Nakano Takako, Niimura Fumio, Hohenfellner Katharina, Miyakita Eiji, Ichikawa Iekuni
Department of Pediatrics, Tokai University School of Medicine, Isehara, Kanagawa, Japan.
Tokai J Exp Clin Med. 2003 Oct;28(3):121-6.
Recent studies have demonstrated in mice that bone morphogenetic protein 4 (BMP4) and forkhead transcription factor 1 (FOXC1) are involved in the organogenesis of the kidney and urinary tract and that derangement of either gene, BMP4 or FOXC1, leads to development of congenital anomalies of the kidney and urinary tract (CAKUT). In order to determine whether human CAKUT is associated with abnormalities in BMP4 or FOXC1, we established a PCR-based methodology for the DNA sequence analysis of BMP4 and FOXC1 in humans. Our initial screening identified an insertion mutation in FOXC1 with a triplet GGC in three of the seven patients with CAKUT. In the present study, no mutation was detected in the coding sequence of BMP4.

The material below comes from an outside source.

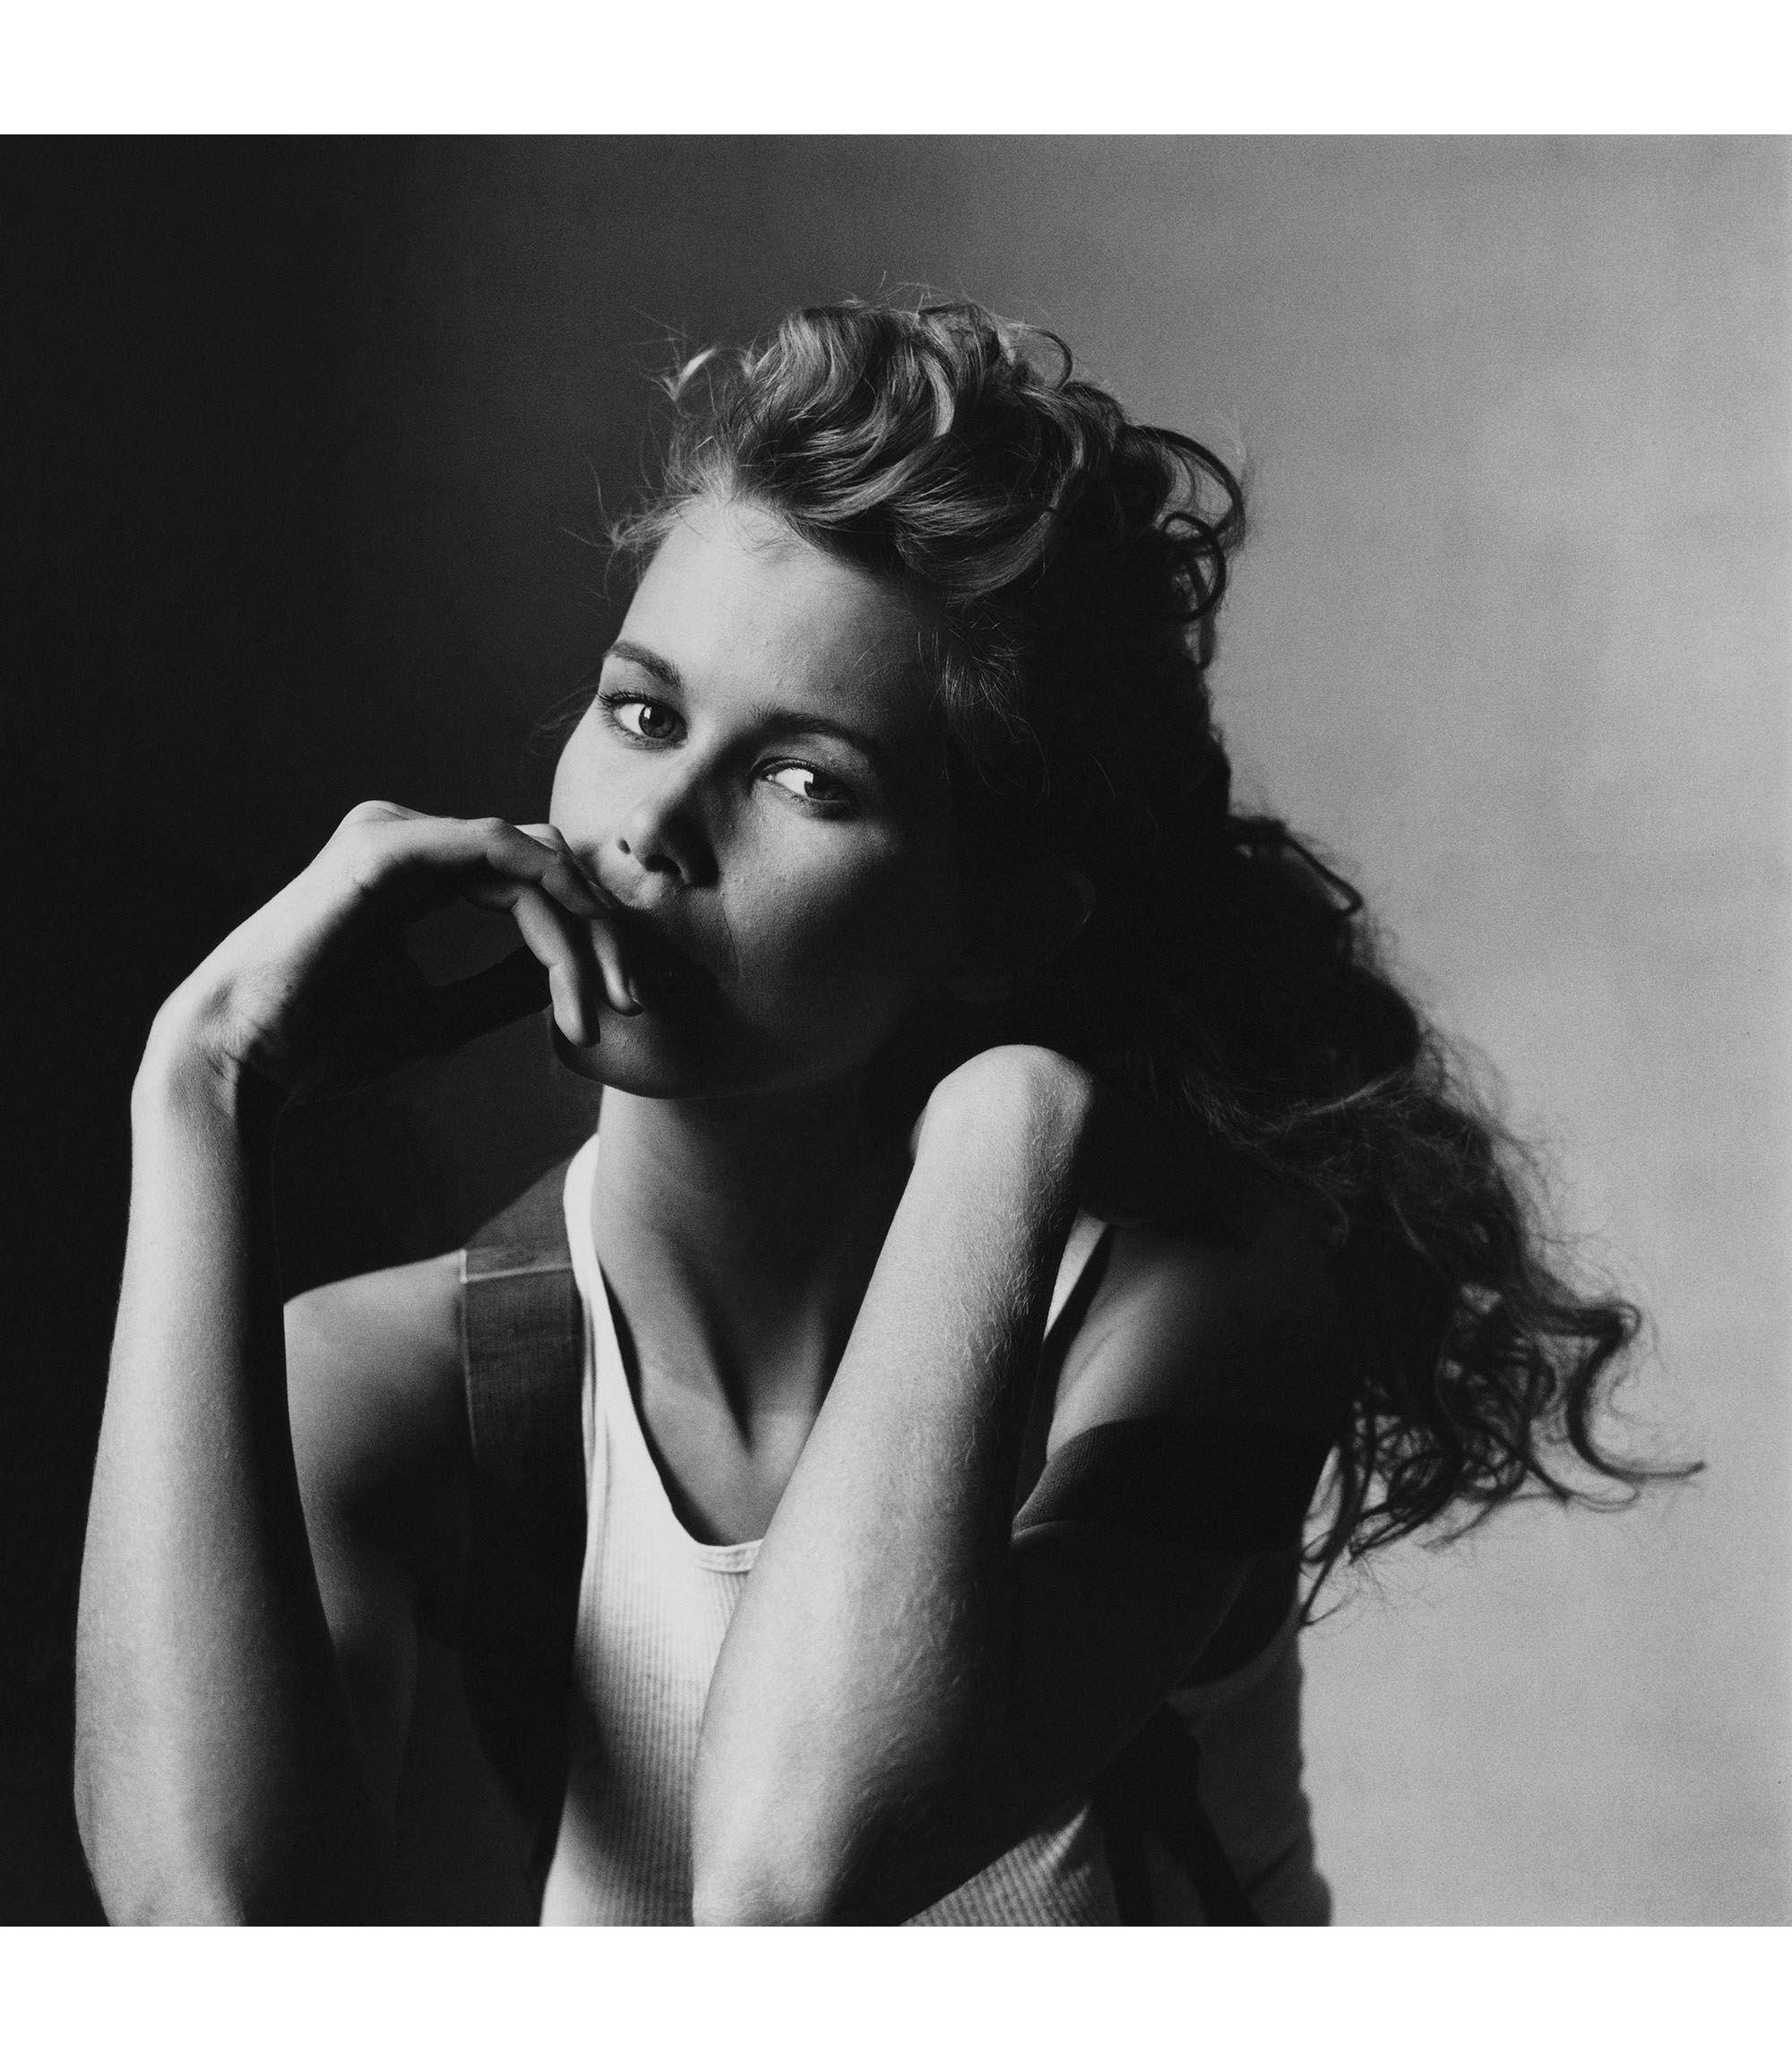 Tatyana Lazareva, actress: biography, personal life, filmography 68

最近的研究在小鼠中证实,骨形态发生蛋白4(BMP4)和叉头转录因子1(FOXC1)参与肾脏和尿路的器官发生,并且BMP4或FOXC1这两个基因中任何一个的紊乱都会导致先天性肾脏和尿路畸形(CAKUT)的发生。为了确定人类CAKUT是否与BMP4或FOXC1的异常有关,我们建立了一种基于PCR的方法用于分析人类BMP4和FOXC1的DNA序列。我们的初步筛查在7例CAKUT患者中的3例中发现了FOXC1的一个插入突变,该突变带有三联体GGC。在本研究中,未在BMP4的编码序列中检测到突变。